ʿOTBI

 

ʿOTBI, the family name of two viziers of the Samanids of Transoxiana and Khorasan.

1. Abu Jaʿfar b. Moḥammad b. al-Ḥosayn (thus in Gardizi; the sources are, however, uncertain about his names and nasab), vizier in the first place to the Amir ʿAbd-al-Malek b. Nuḥ (I) from 344/956 to 348/959. After a military coup, he was appointed vizier in succession to Abu Manṣur Moḥammad b. ʿOzayr (Gardizi, p. 41; Barthold, p. 250). He is praised by Kermāni (p. 36), repeated in ʿAqili (p. 147) for replenishing the state treasury to an unprecedented high level; but his money-raising policies aroused discontent and he was deprived of office after two years in favor of Abu Yusof b. Esḥāq (Gardizi, loc. cit.; Barthold, loc. cit.). However, he returned to office a few years later, sharing the vizierate for the Amir Manṣur (I) b. Nuḥ (I) with Abu ʿAli Moḥammad Balʿami, till 363/974; Gardizi (p. 47) states that he corresponded and negotiated with the great Buyid statesman Abu’l-Fatḥ Ebn al-ʿAmid (q.v.), bringing peace to Khorasan and doing laudable things in that province.

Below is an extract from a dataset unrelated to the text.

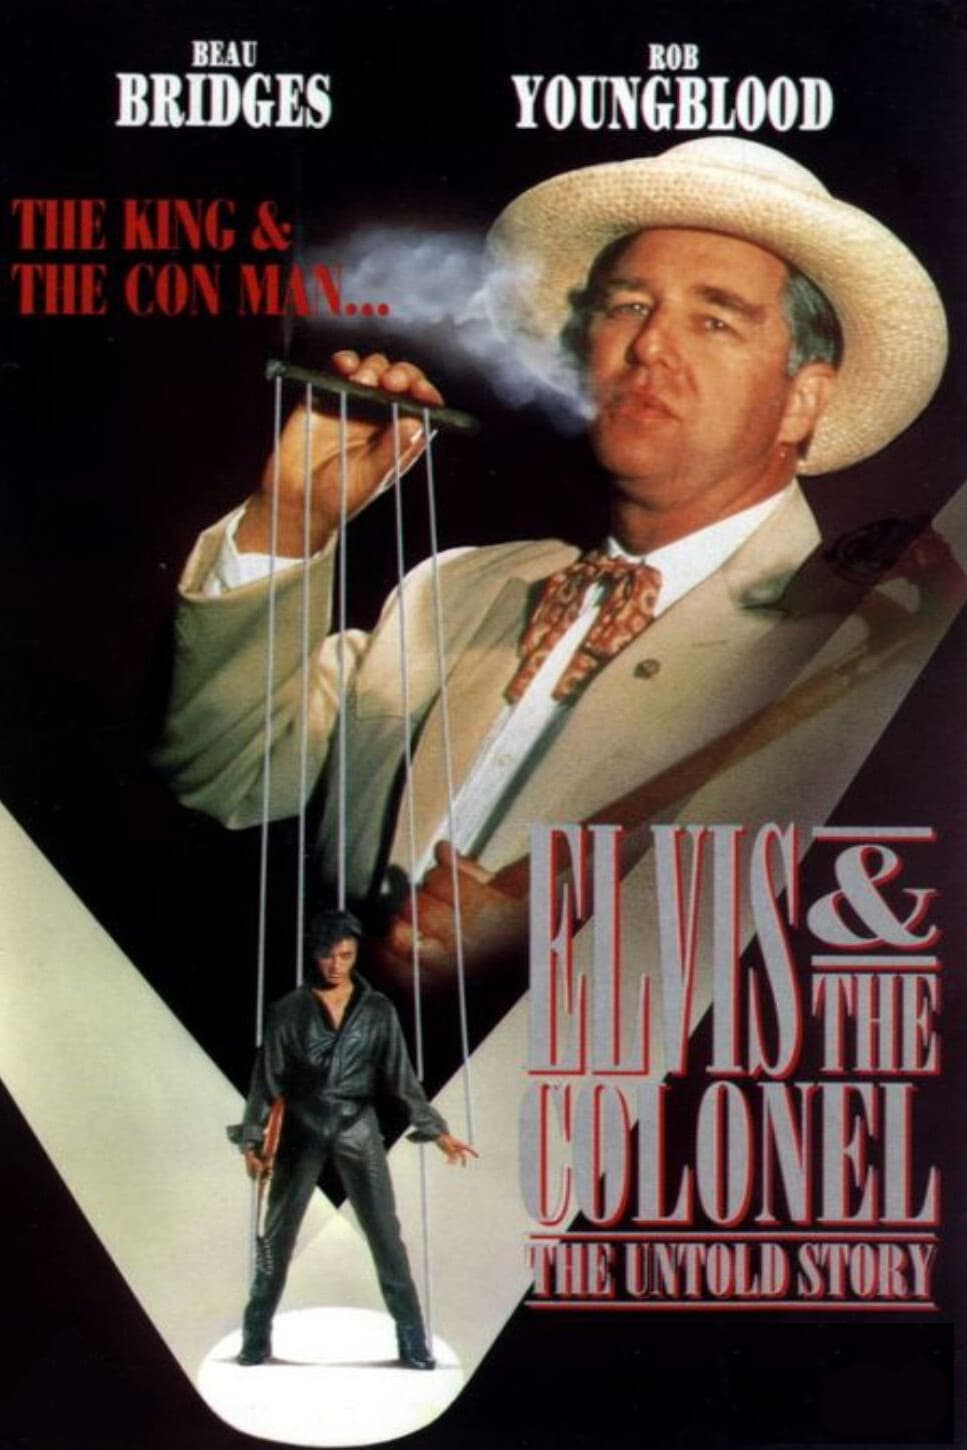 Elvis and the Colonel: The Untold Story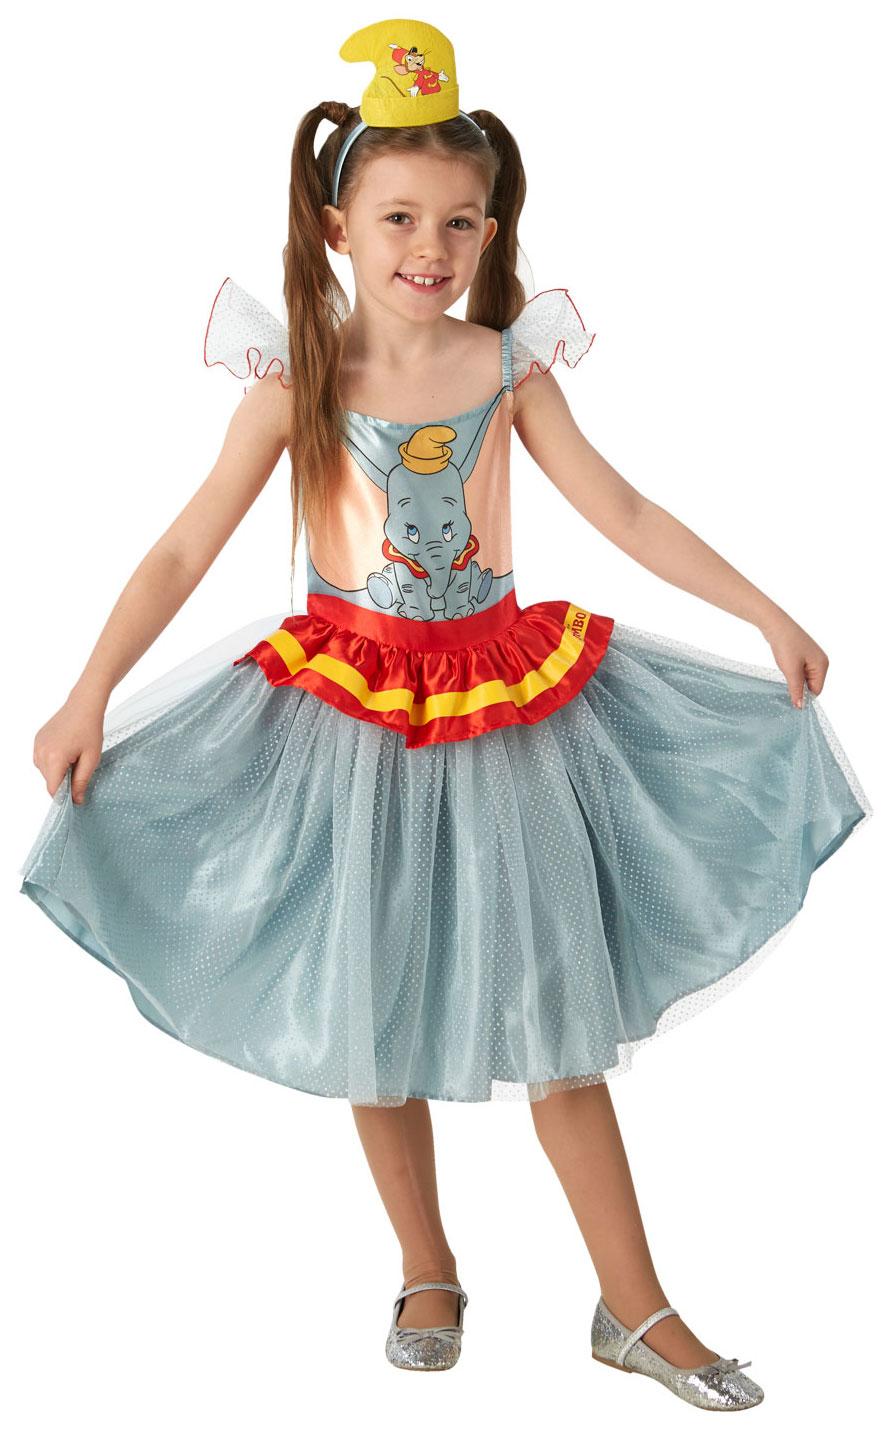 Disney's Dumbo TuTu Dress Fancy Dress Costume by Rubies 300265 available here at Karnival Costumes online party shop

2. Abu’l-Ḥosayn ʿAbd-Allāh b. Aḥmad, vizier to the Amir Nuḥ (II) b. Manṣur (I) from 367/977 to 372/982. He was appointed in Rabiʿ II 367/November-December 977 in succession to Abu ʿAbdallāh Aḥmad Jayhāni, the deceased Amir Manṣur’s last vizier, in face of opposition from Abu’l-Ḥasan Moḥammad b. Ebrāhim Simjuri, who considered Abu’l-Ḥosayn too young (ʿOtbi, p. 38; Gardizi, pp. 48-9; Barthold, p. 251). At the outset, he and Nuḥ’s mother in effect ruled the state as regents for the thirteen-year old Amir. ʿOtbi endeavored to reduce the power in the state of over-mighty Turkish military commanders, above all, of Abu’l-Ḥasan Simjuri. Latterly, he worked with the commander-in chief of the army, Tāš, who had been one of his father’s ḡolāms (ʿOtbi, pp. 42-3; Gardizi, pp. 49-50). He was in 372/982 about to join an army at Marv to repel an invasion by the Buyids when he was murdered by agents of the commanders Fāʾeq Ḵāṣṣa (q.v.) and Abu’l-Ḥasan Simjuri; his death was much mourned by the poets, and his kinsman the historian Abu Naṣr Moḥammad b. ʿAbd-al-Jabbār ʿOtbi (q.v.) rightly considered him the last effectual vizier of the Samanids (ʿOtbi, pp. 61-5; Gardizi, pp. 50-1; Barthold, p. 252).

 

Bibliography:

Sources. Gardizi, Zayn al-aḵbār, ed. M. Nazim, Berlin, 1928.

Nāṣer-al-Din Kermāni, Nasāʾem al-asḥar, ed. Jalāl-al-Din Ormavi Moḥaddeṯ, Tehran, 1959.

ʿOtbi, al-Ketāb al-Yamini, ed. Eḥsān Ḏonun al-Ṯāmeri, Beirut, 2004.

Sayf-al-Din ʿAqili, Āṯār al-wozarāʾ, ed. Jalāl-al-Din Ormavi Moḥaddeṯ, Tehran, 1959.

Studies. Barthold, Turkestan3. Bosworth, "al-ʿUtbī,” EI2 X, p. 945.